# Really confused about the chord algorithm

I'm looking at the pseudocode for chord algorithm here:

// create a new Chord ring.
n.create()
predecessor := nil
successor := n

// join a Chord ring containing node n'.
n.join(n')
predecessor := nil
successor := n'.find_successor(n)

// called periodically. n asks the successor
// about its predecessor, verifies if n's immediate
// successor is consistent, and tells the successor about n
n.stabilize()
x = successor.predecessor
if x ∈ (n, successor) then
successor := x
successor.notify(n)

// n' thinks it might be our predecessor.
n.notify(n')
if predecessor is nil or n'∈(predecessor, n) then
predecessor := n'

// called periodically. refreshes finger table entries.
// next stores the index of the finger to fix
n.fix_fingers()
next := next + 1
if next > m then
next := 1
finger[next] := find_successor(n+{\displaystyle 2^{next-1}}2^{next-1});

// called periodically. checks whether predecessor has failed.
n.check_predecessor()
if predecessor has failed then
predecessor := nil


I'm struggling to make sense of it.
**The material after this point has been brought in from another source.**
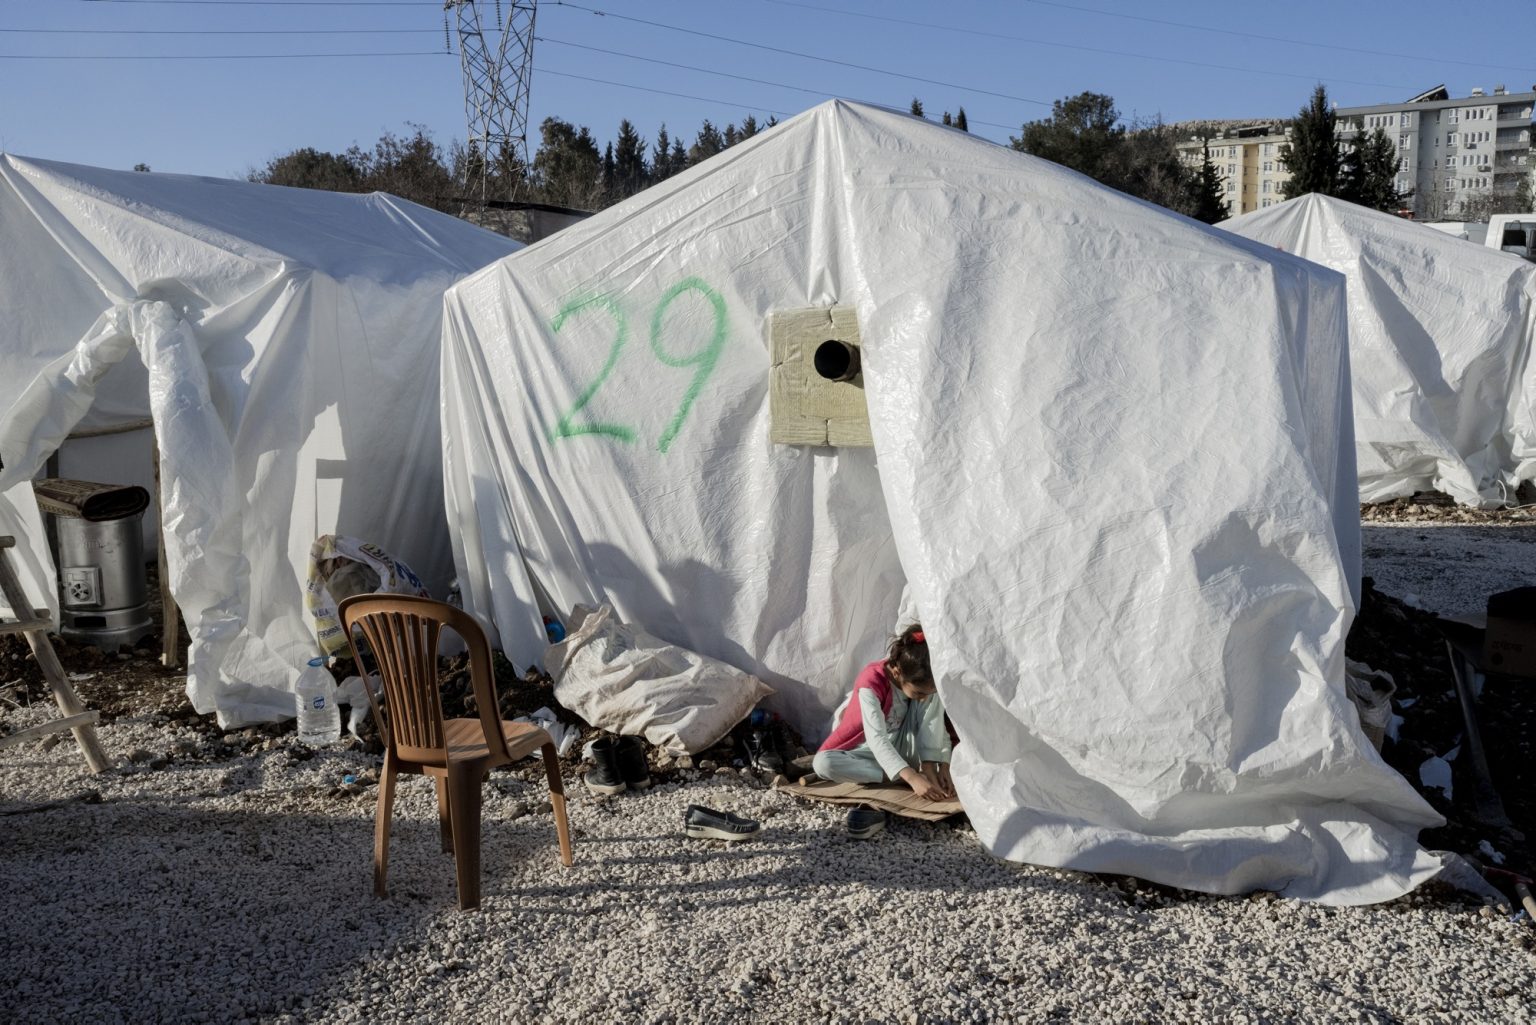 Adiyaman, Turkey, February 2023 - The aftermath of the earthquake that hit southern Turkey and northern Syria.  A tent in an unofficial tent camp not recognized by AFAD, the government's disaster agency, in the city of Adiyaman. ><
Adiyaman, Turchia, febbraio 2023  Le conseguenze del terremoto che ha colpito la Turchia del Sud e la Siria del nord.

My question specifically is: when exactly will the predecessor field EVER be non-null?

Consider a case where a node id 1 joins. Its successor is 1, the predecessor is nil.

Now say node with 10 joins. Its successor is 1, predecessor is nil.

The stabilization routine depends on the predecessor being non-nil, which in this case it isn't both nodes.

So how does the algorithm proceed at this point?